> GIVEN DATA:
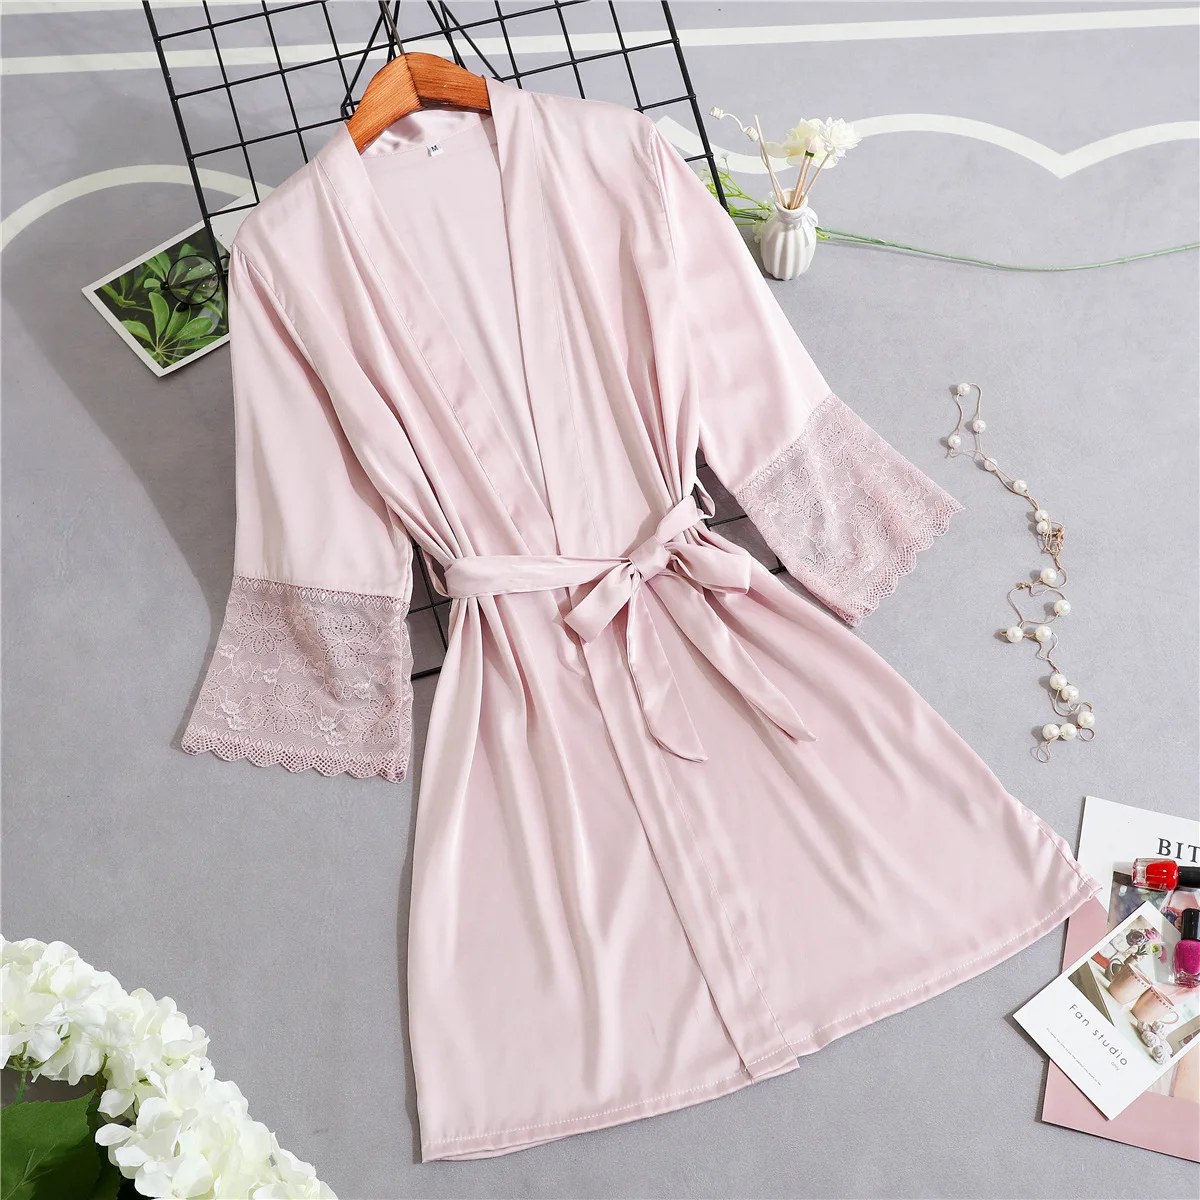 Kimono Gown Soft Sleepwear Women Negligee Lace Half Sleeve Robe Casual Loose Bride Bridesmaid Wedding Home Clothing Nightgown
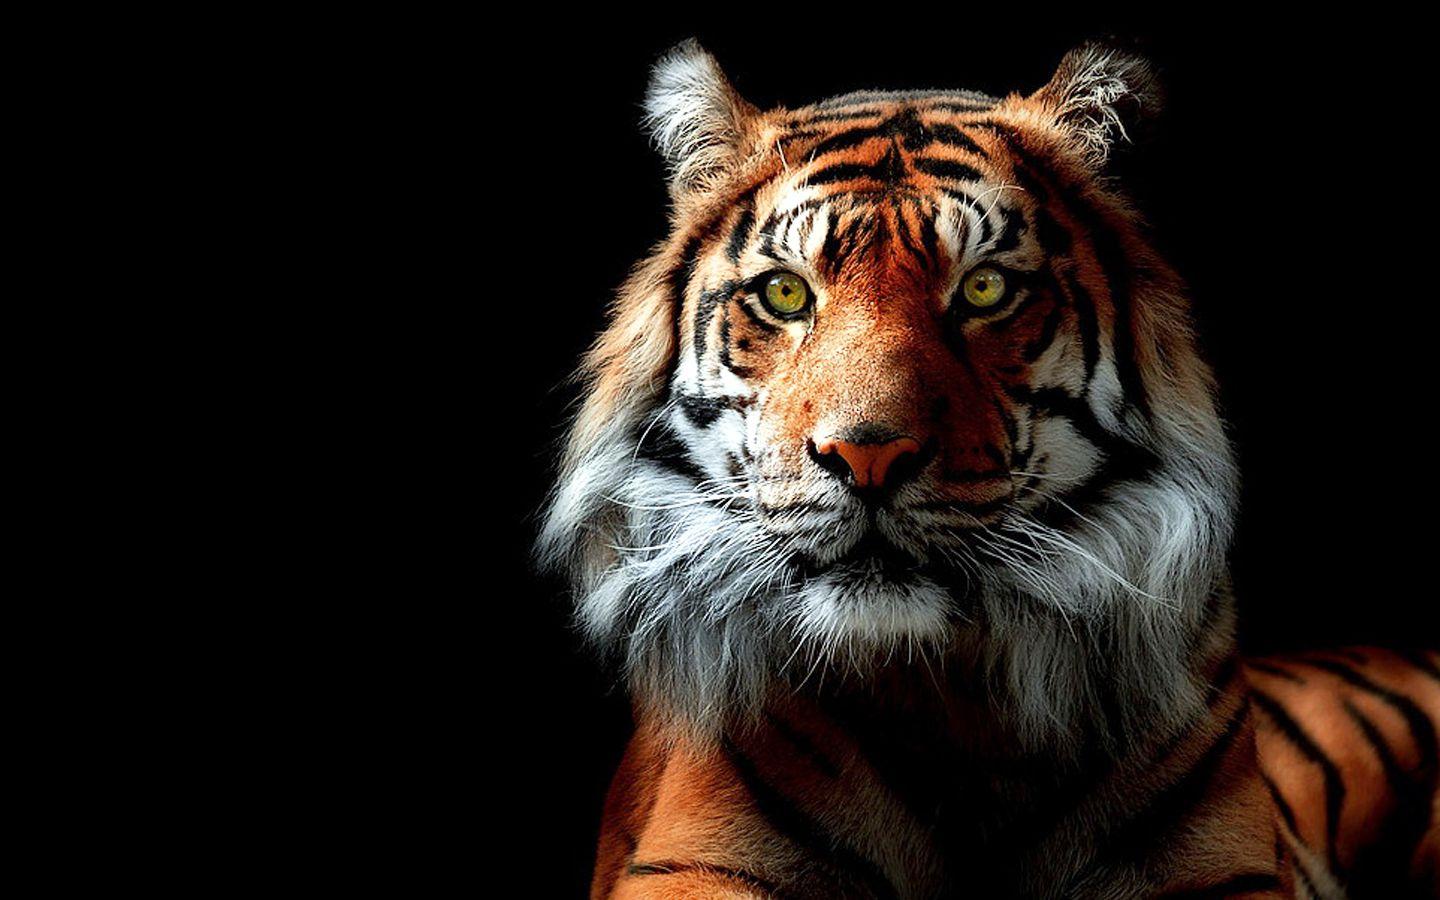 Tiger Image Wallpaper
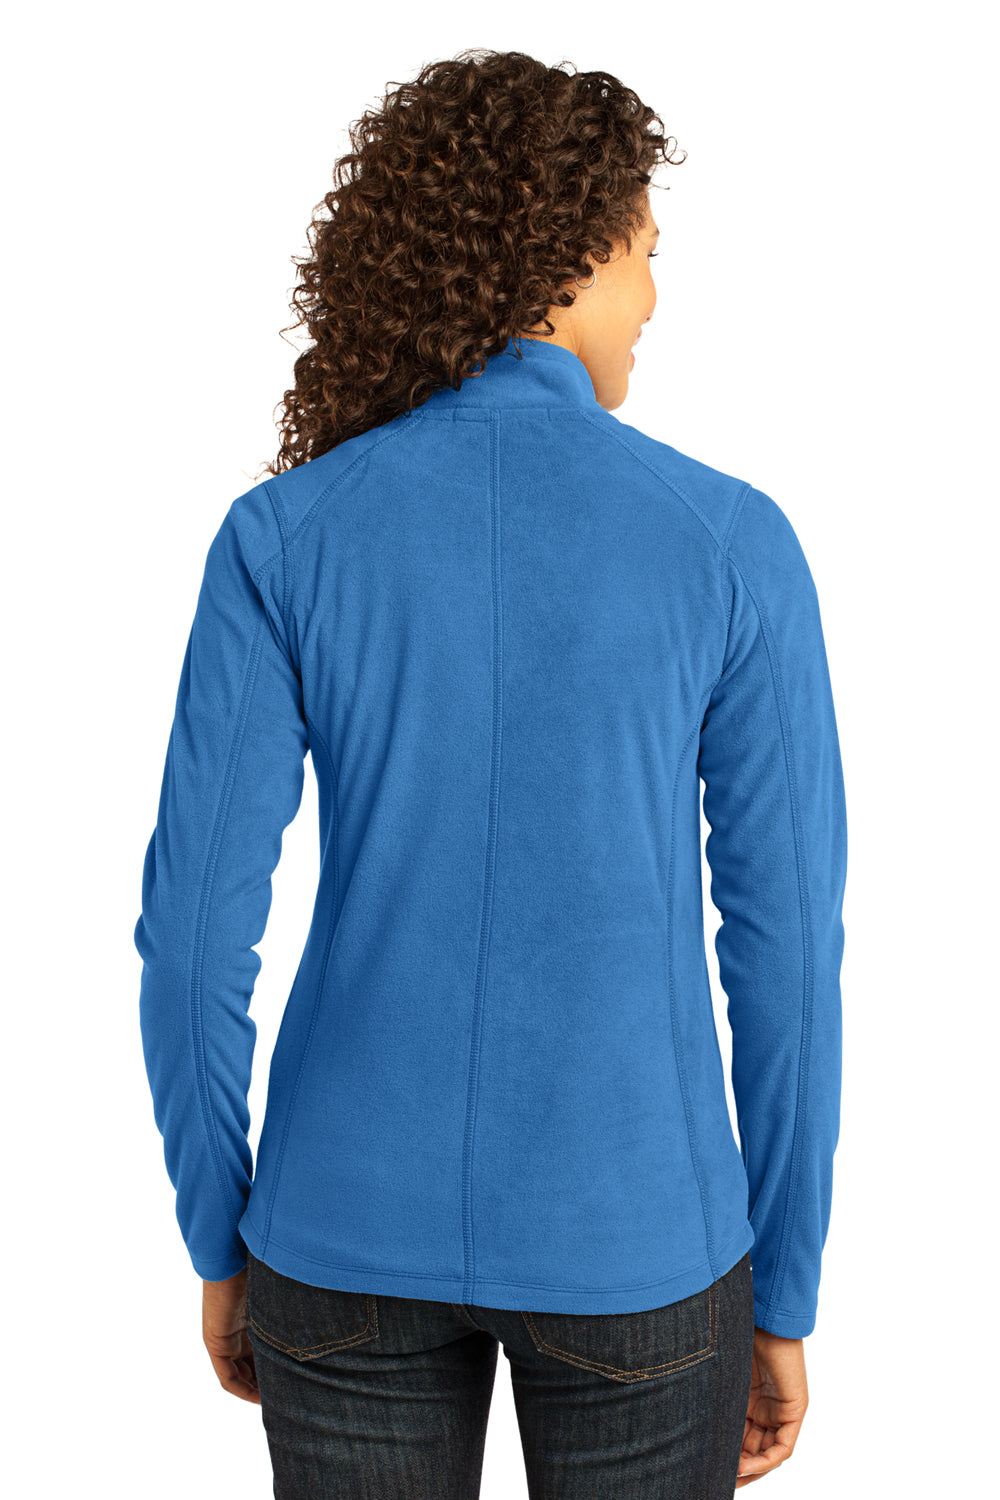 Port Authority L223 Womens Full Zip Microfleece Jacket Royal Blue Back
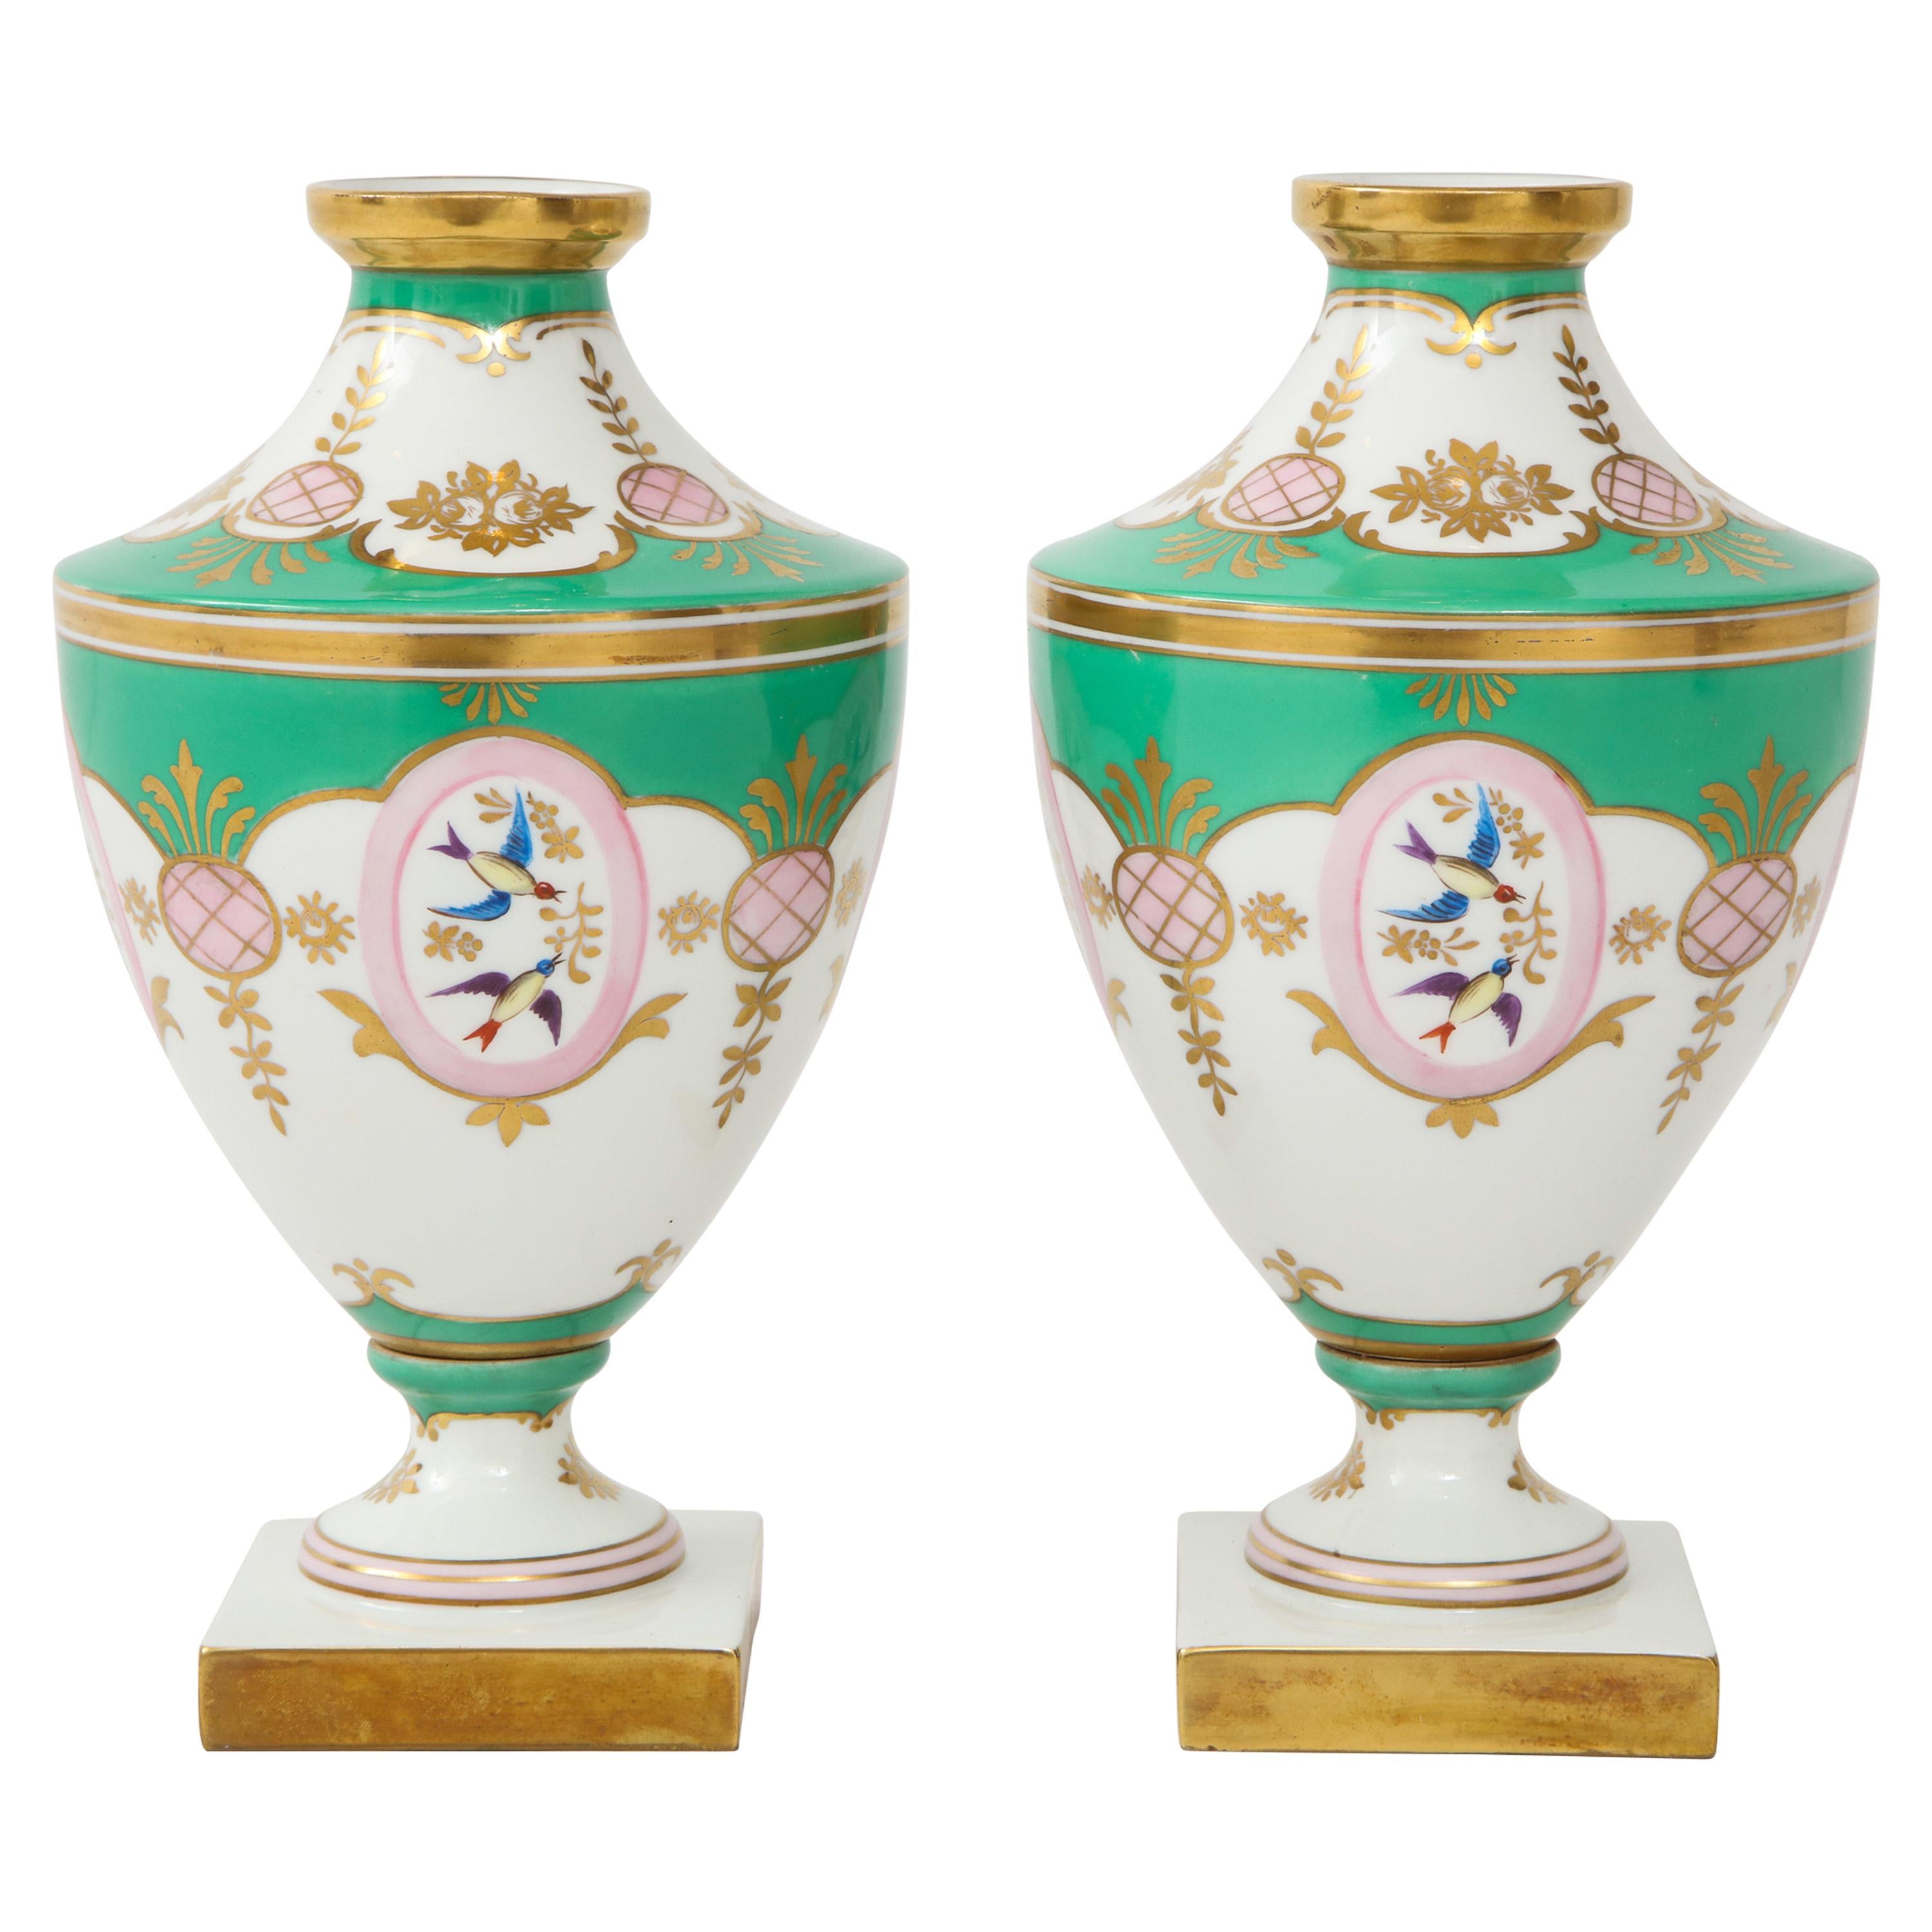 Pair of 19th Century Porcelain Urn Vases

> WORK INSTRUCTION: After locating the line with "Tiger Image Wallpaper", transcribe it and the rest of the data above exactly as written, without any picture.

> OUTPUT OF THE EXERCISE:
 Tiger Image Wallpaper
 Port Authority L223 Womens Full Zip Microfleece Jacket Royal Blue Back
 Pair of 19th Century Porcelain Urn Vases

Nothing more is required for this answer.